Le froid, l’humidité, les cafards, les punaises, la promiscuité sont ainsi généralement le lot des demandeurs d’asile logés en hôtel. Les centres d’accueil qui leur sont normalement réservés n’ayant de place que pour 30% d’entre eux, ceux qui peuvent vont chez des compatriotes ou des parents ; les autres(1) sont soit à la rue, soit logés dans des hôtels sans aucun contrôle des conditions d’hygiène et de vie qu’offrent les gérants. Ces derniers profitent d’un dispositif d’asile à bout de souffle, et en particulier d’un manque cruel de places, pour faire croître leur bénéfice : ils entassent les familles dans des chambres insalubres à l’atmosphère confinée et malsaine, ils réduisent le nombre de salles de bains, ils interdisent de cuisiner dans les chambres sachant que les banques alimentaires, seul recours de ces familles, offrent principalement des produits non cuisinés. Et cette solution d’hébergement censée être temporaire peut durer des mois, parfois même des années. Depuis neuf mois, Lakmal et sa famille doivent se contenter d’un lit double et le radiateur qu’ils avaient réussi à se procurer leur a été confisqué début février. Leur seule liberté est de quitter l’hôtel, mais pour aller où ? Comme des milliers d’autres, ils payent le prix fort du débordement du Samu social.
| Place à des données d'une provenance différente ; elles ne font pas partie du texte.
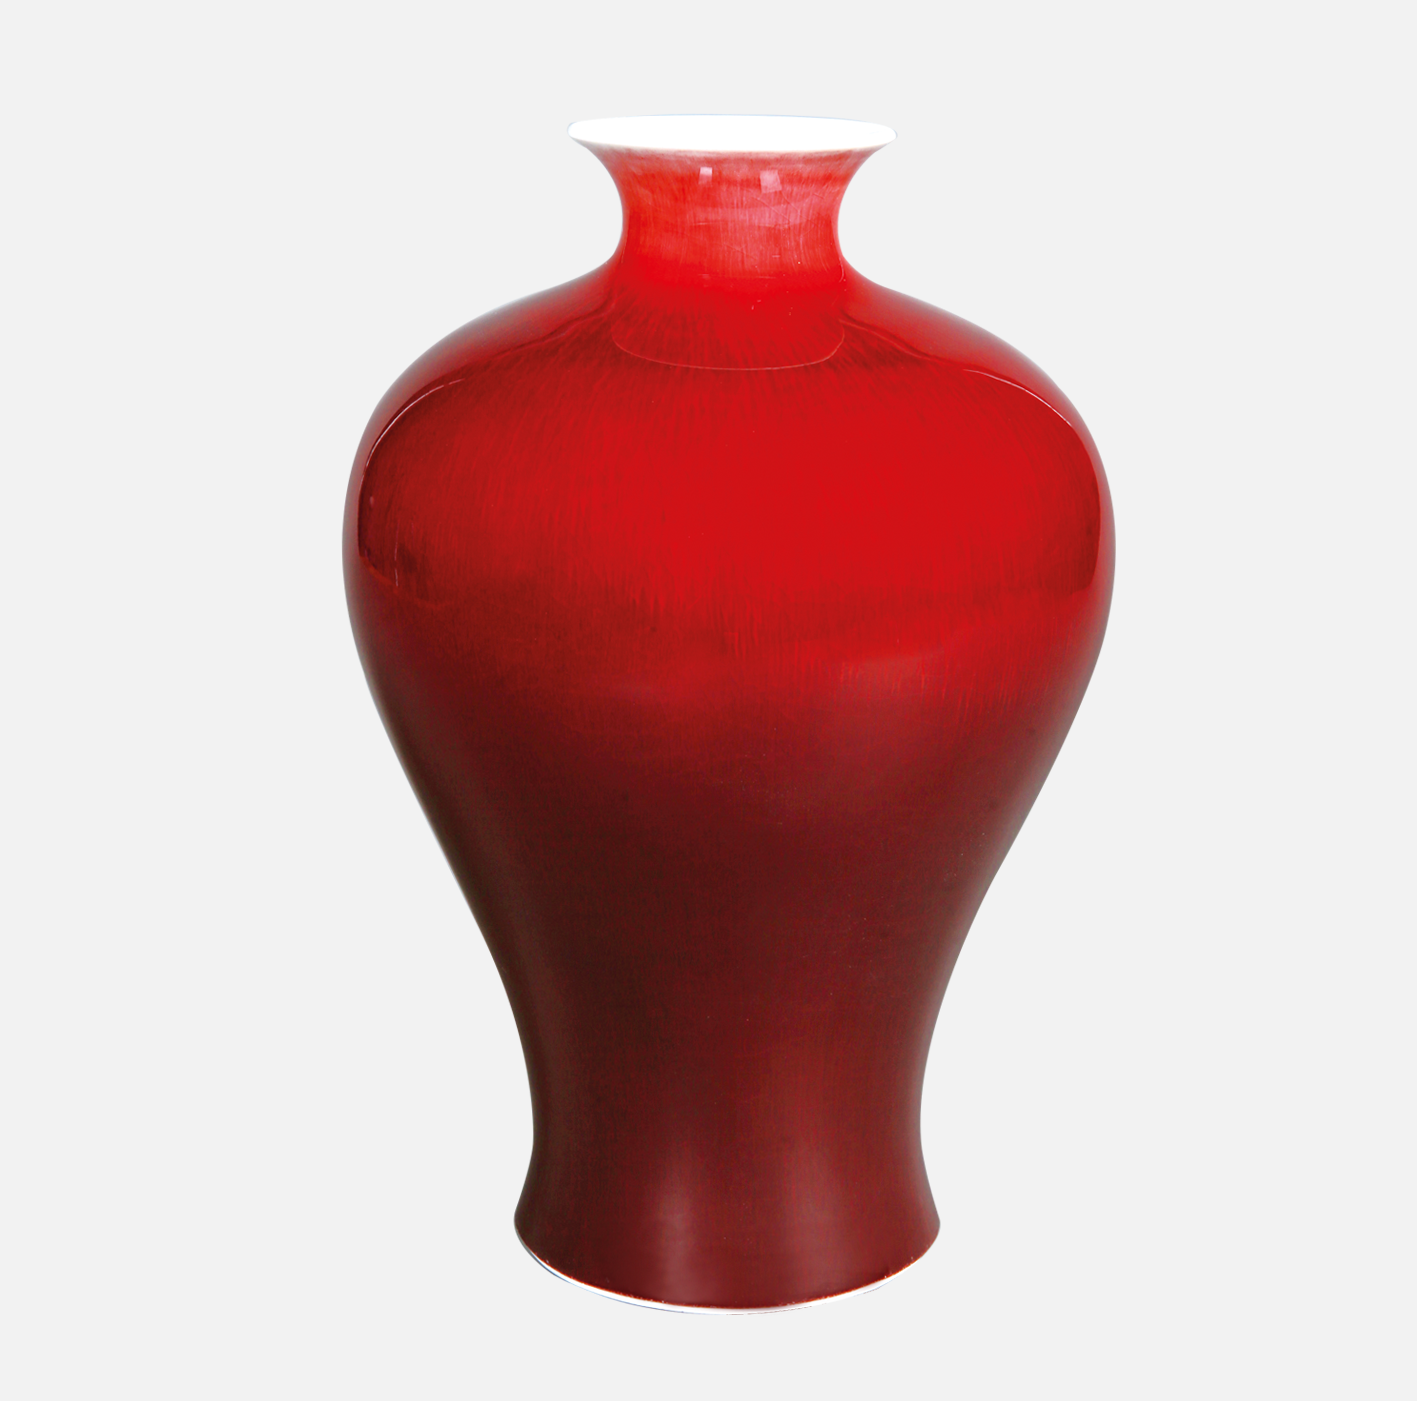 100件郎窑红釉梅瓶
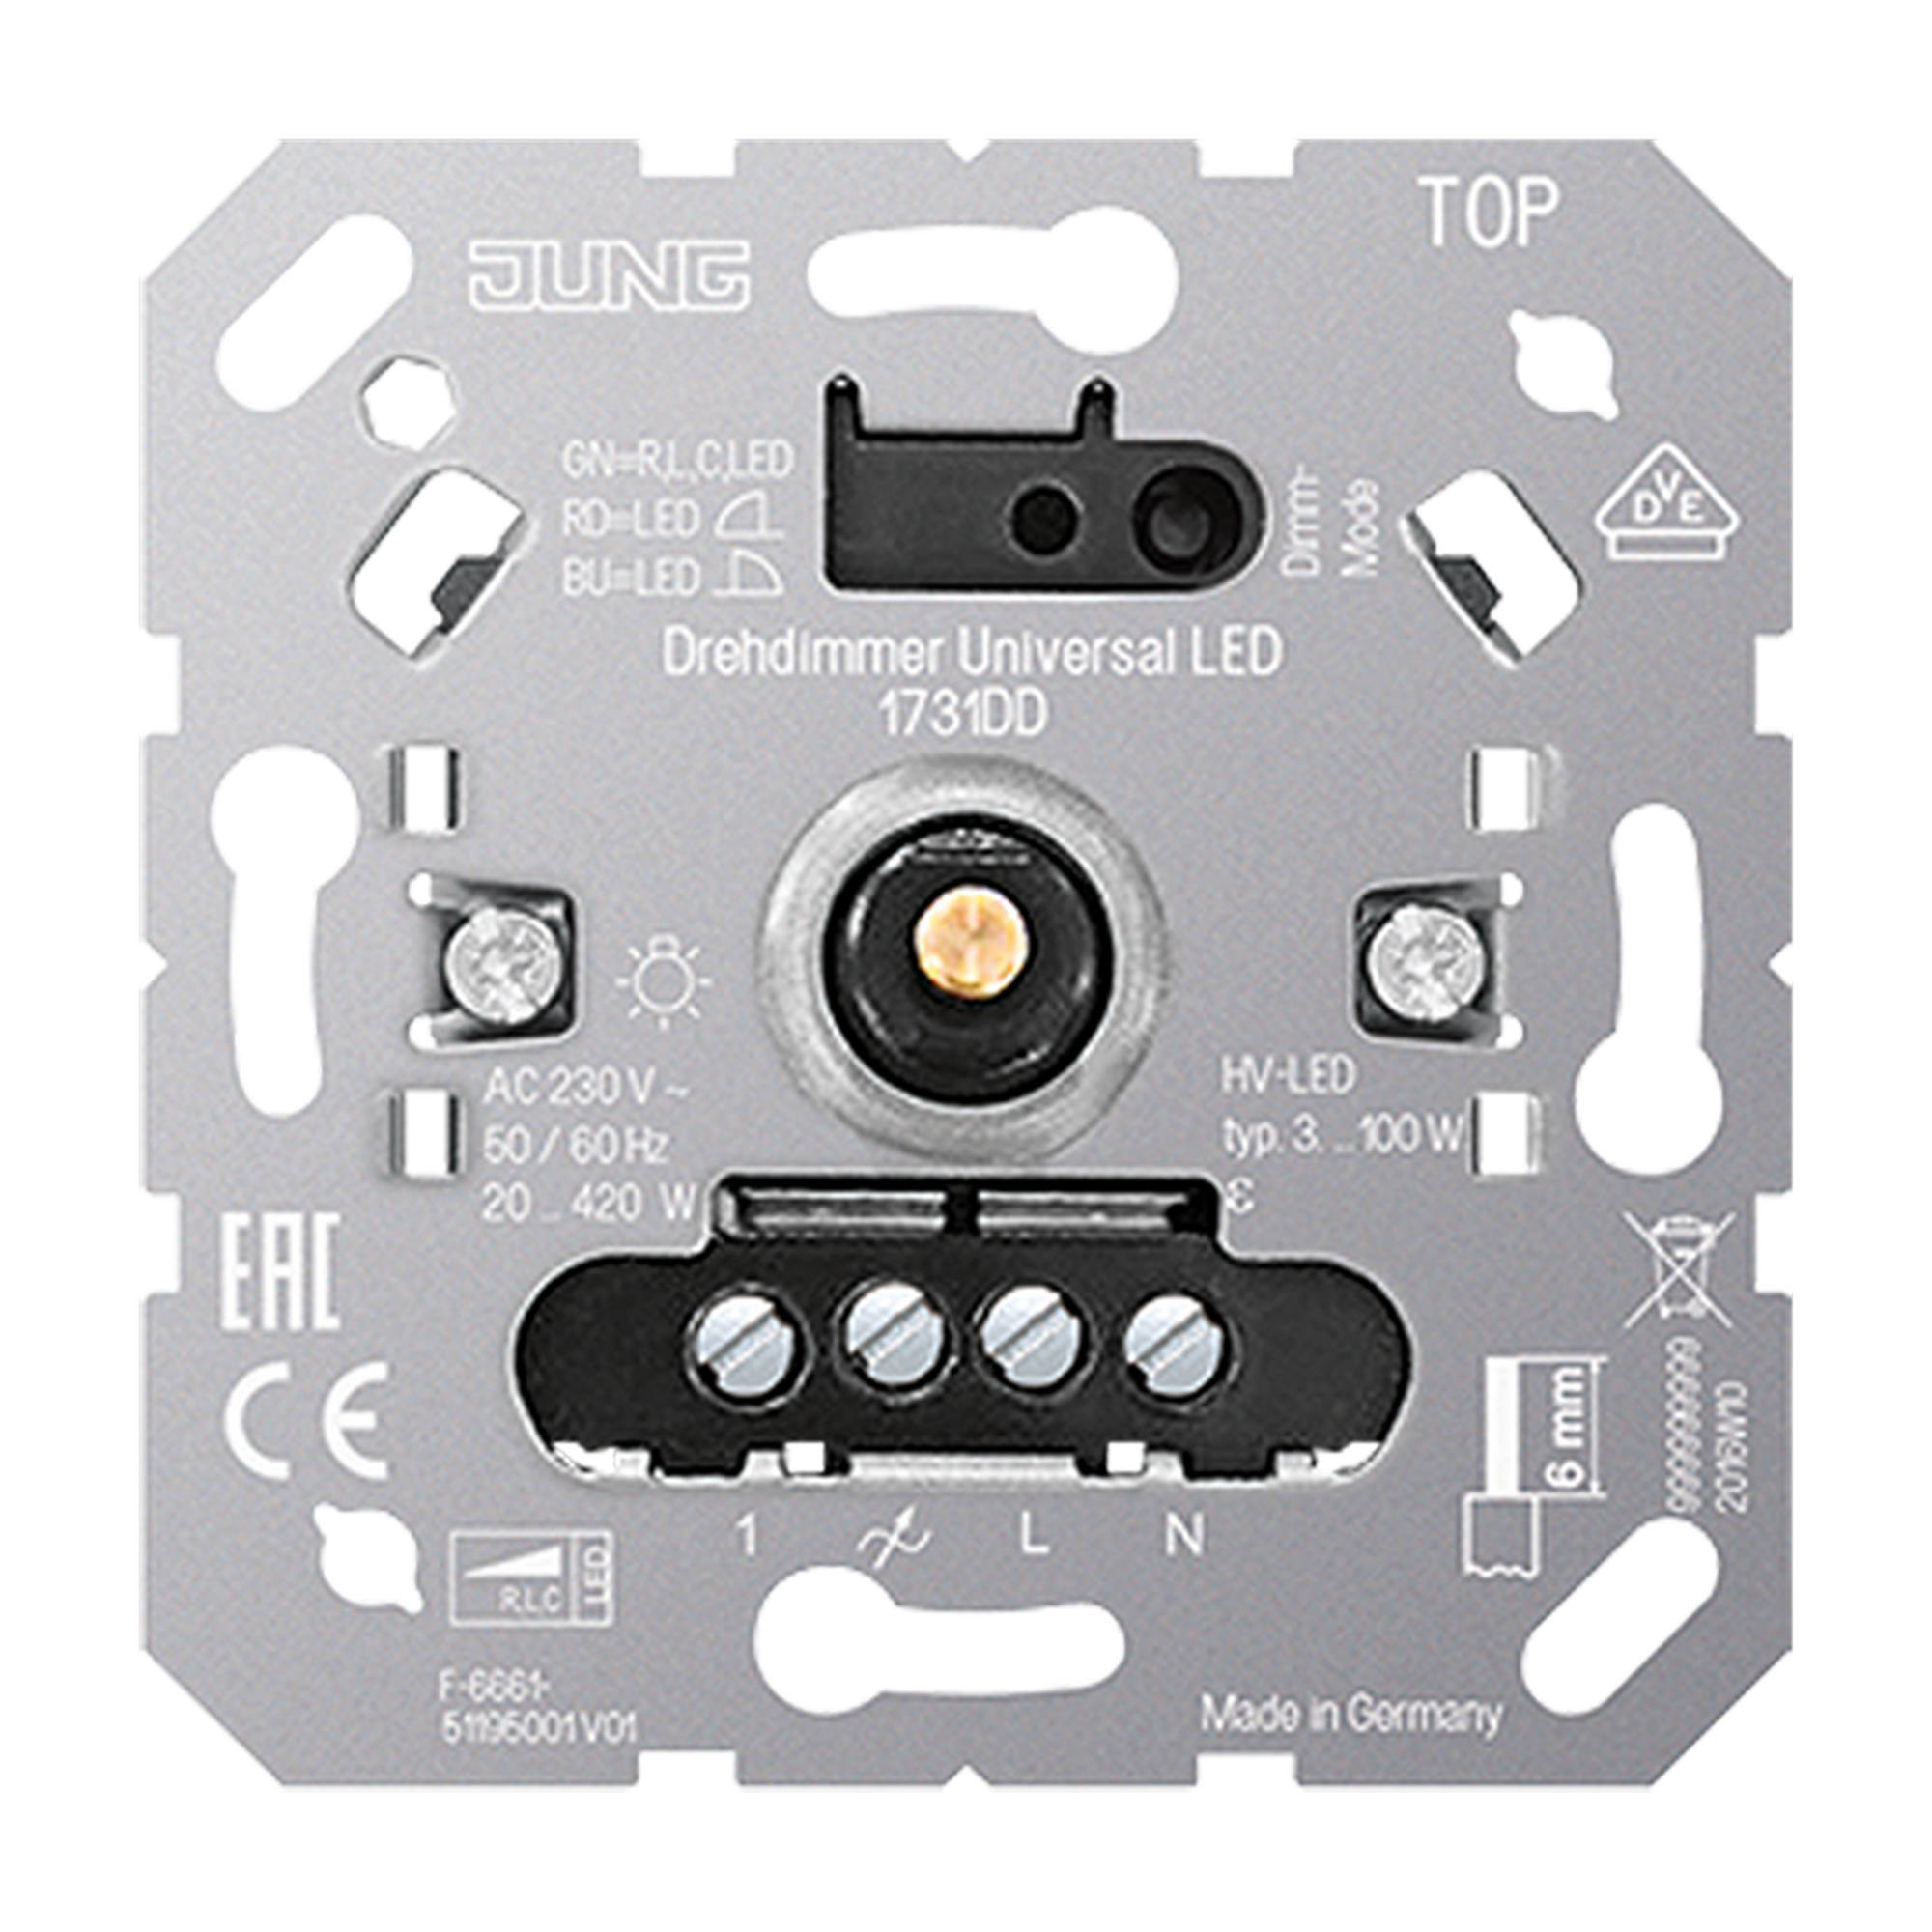 Drehdimmer mit Druckwechselschalter LED Universal + product picture

Le recours à l’hôtel, qui impose des déménagements permanents d’un coin à l’autre de l’Île-de-France, si ce n’est plus loin, mettait déjà les familles en difficulté pour accéder aux associations d’aide ou pour scolariser les enfants. Mais depuis quelques mois, cette situation est passée à un stade critique qui outrepasse les limites de la dignité humaine et qui met en danger la vie d’hommes, de femmes et d’enfants.
Au Centre Primo Levi, où 350 réfugiés victimes directement ou indirectement de violences politiques sont soignés chaque année, le bébé de Lakmal est loin d’être le seul à être suivi par un médecin pour des raisons de conditions d’hébergement et d’insécurité alimentaire. « De façon générale, témoigne le Dr. Afnaïm, ces conditions aggravent l’état de santé physique et psychique des adultes comme des enfants. Les pathologies respiratoires, en particulier, sont de plus en plus fréquentes chez les plus jeunes. »
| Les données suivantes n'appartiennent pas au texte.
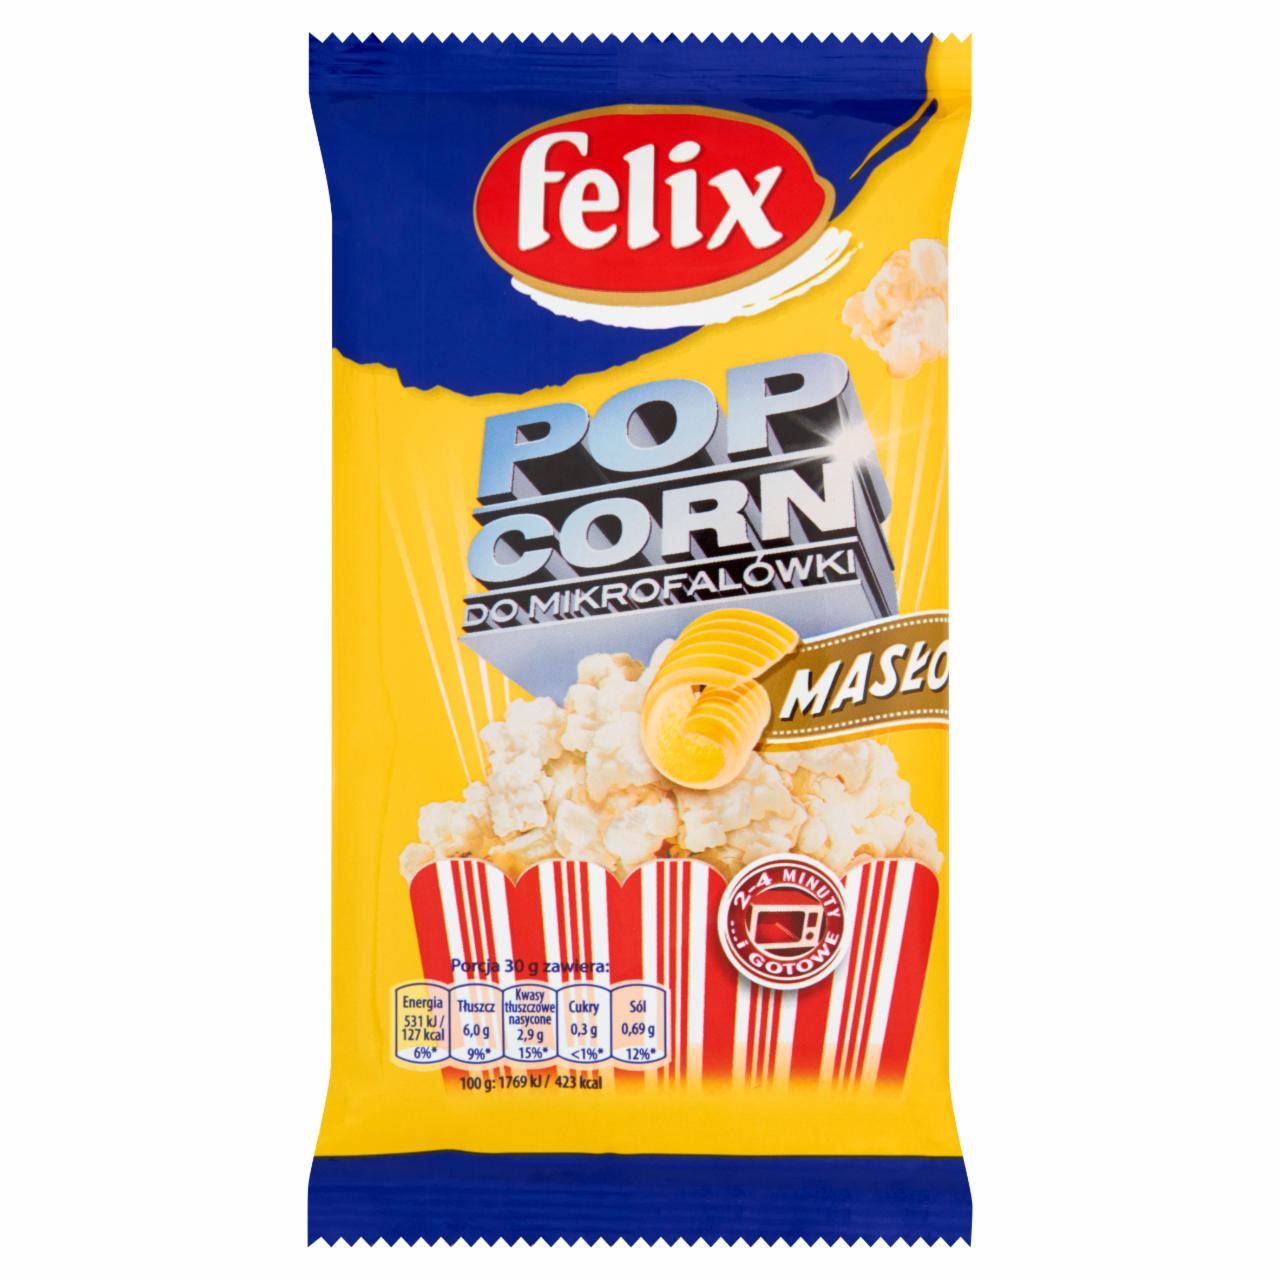 Zdjęcia - Felix Popcorn maślany do mikrofalówki 90 g

Le sentiment d’impuissance et de frustration est croissant dans notre équipe comme dans celles de toutes les associations d’aide aux demandeurs d’asile, sur lesquelles s’appuie le gouvernement sans pour autant leur donner les moyens d’apporter des solutions. Les travailleurs sociaux, mais aussi les psychothérapeutes (car il va sans dire que dans ces conditions, leur travail est également mis à mal), et de même tous ceux qui tentent d’apporter leur pierre à l’édifice, sont à bout de forces.
Nous exhortons donc le gouvernement à ce que les efforts annoncés en faveur des plus démunis, et en particulier le plan triennal présenté par la ministre du logement le 3 février dernier, soient suivis d’effet le plus tôt possible pour apporter un regard humain à sa politique de « gestion des flux » et mettre un terme à ce qui commence à représenter une réelle crise humanitaire.
*Les noms de la famille ont été modifiés.
(1) A notre connaissance, il n’existe pas de chiffres sur les conditions de logement des demandeurs d’asile hors CADA (centres d’accueil pour demandeurs d’asile).